Past events Japan’s Changing International Role

Japan’s Changing International Role

EU ASIA AMBASSADEUR JAPONEvent report – Japan’s Changing International Role

On 16 February the EU-Asia Centre, in cooperation with the Mission of Japan to the EU, held a panel discussion to discuss “Japan’s Changing International Role”.

Ambassador Keiichi Katakama welcomed the audience and emphasised the timeliness of the panel discussion as 2016 will see a visible change in Japan’s international role. Japan shared fundamental values with the EU – democracy, freedom, human rights, the rule of law and market economy. Japan was in its 11th term as non-permanent UN Security Council member; it was chair of the G7 presidency; it would host the trilateral summit and the 6th Tokyo International Conference on African Development. It was also revising security guidelines to allow for greater cooperation on collective security.

While the security environment in Europe and Japan was very different, the two regions were both exposed to global threats. The upcoming Strategic Partnership Agreement (SPA) and the Economic Partnership Agreement (EPA) would provide a sound basis for the EU and Japan to extend their cooperation to address these threats. As of today, Japan had already provided 1.8 billion USD of development aid to Ukraine and 1.2 billion USD to Iraqi and Syrian refugees, addressing European foreign policy priorities.

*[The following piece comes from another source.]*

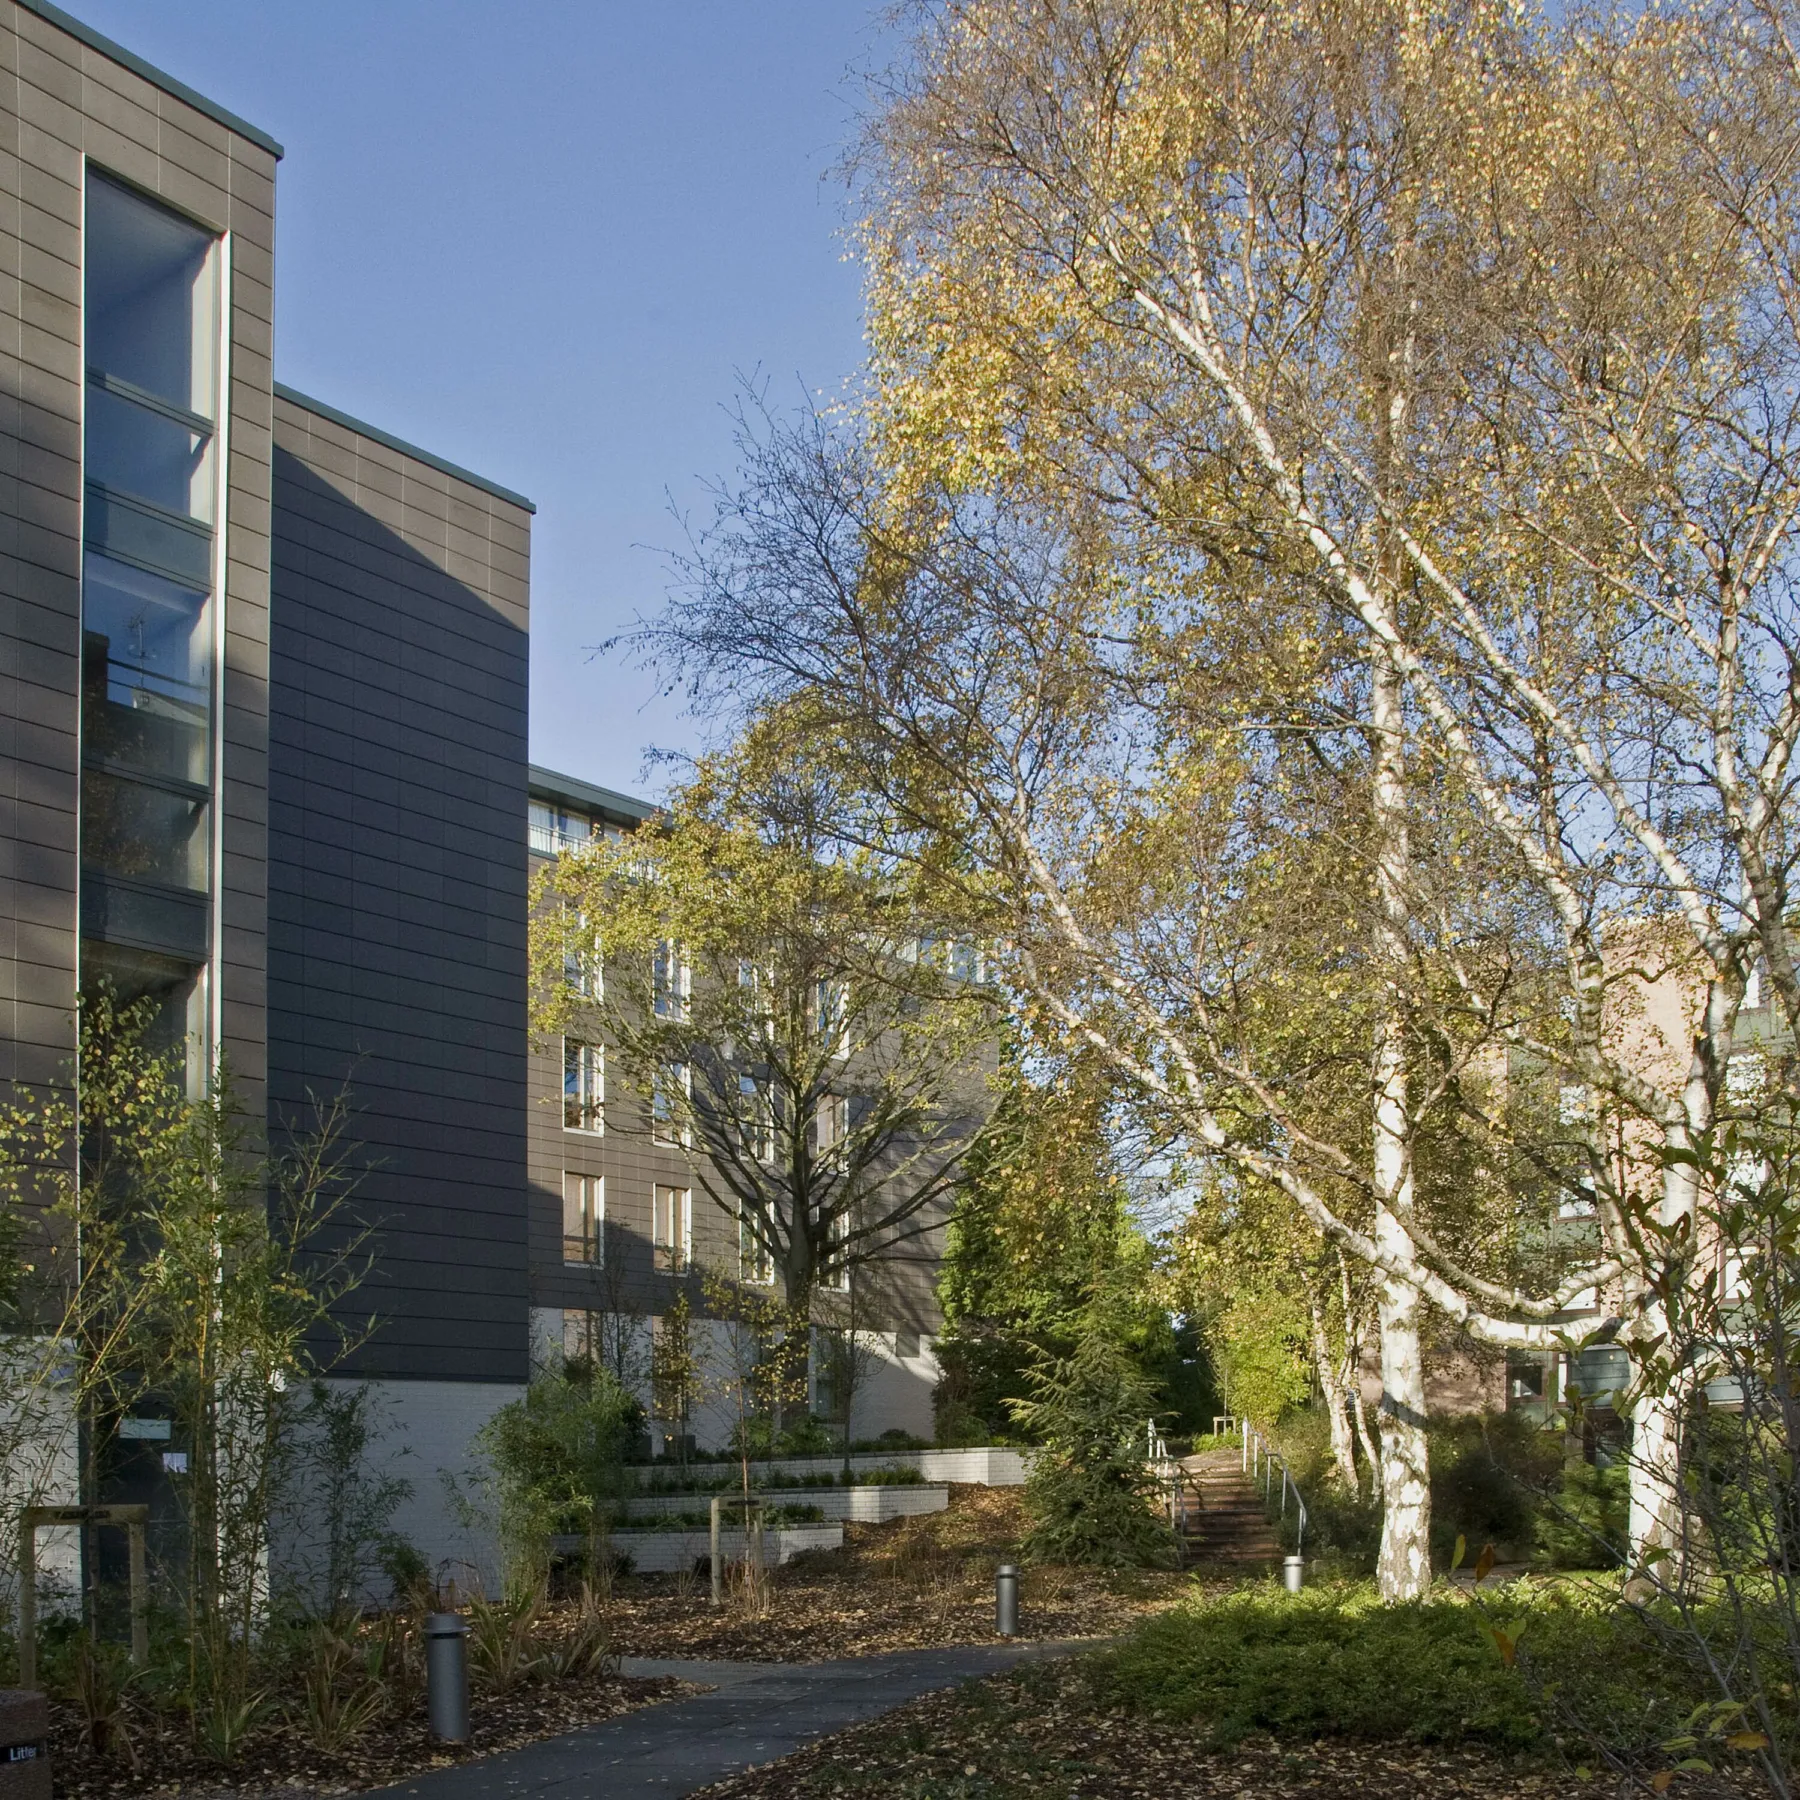 Student accommodation at Pollock Halls, University of Edinburgh - John Burnett House. Pale brick ground floor with bronze coloured cladding on the storeys above. The building is set within landscaped grounds with mature trees.

Fraser Cameron, Director of the EU-Asia Centre, thanked the Mission of Japan to the EU for its support in organising the event and agreed it was a timely moment to assess Japan’s changing international role. This year would be a pivotal moment for EU-Japan relations, and also Japan-Belgian relations as the two countries were celebrating 150 years of diplomatic relations. The 2001 Action Plan had not produced the desired results to boost EU-Japan relations. It was important, therefore, to ensure that the SPA/EPA did produce real results.

Shingo Yamagami, Director General (Acting) of the Japan Institute of International Affairs, said that PM Abe’s priority was the economy. Abenomics had produced mixed results. While Japan was facing low growth and inflation, Japanese companies and the stock market were doing very well. ‘There was money everywhere.’ The significant gap between Gross National Income and Gross Domestic Product, twice as high as the US’, indicated that Japan was making much of its money abroad. Japan was very dependent on foreign markets. Of the 10 million cars produced each year by Toyota only 3 million were sold in Japan.

The government enjoyed high approval rates thanks to its emphasis on stability, productivity and pragmatism. Abe’s foreign policy benefited from activism – expressed in 63 overseas visits in three years – with a focus on the alliance with the US, a strengthening of ties with Australia and India, plus ASEAN. The government had also established a new national security council and strategy. A visit of all ASEAN capital’s early in Abe’s term had contibuted to recent poll results among ASEAN citizens, holding that Japan was the ten states’ most trusted partner for now and in the future – even surpassing the US.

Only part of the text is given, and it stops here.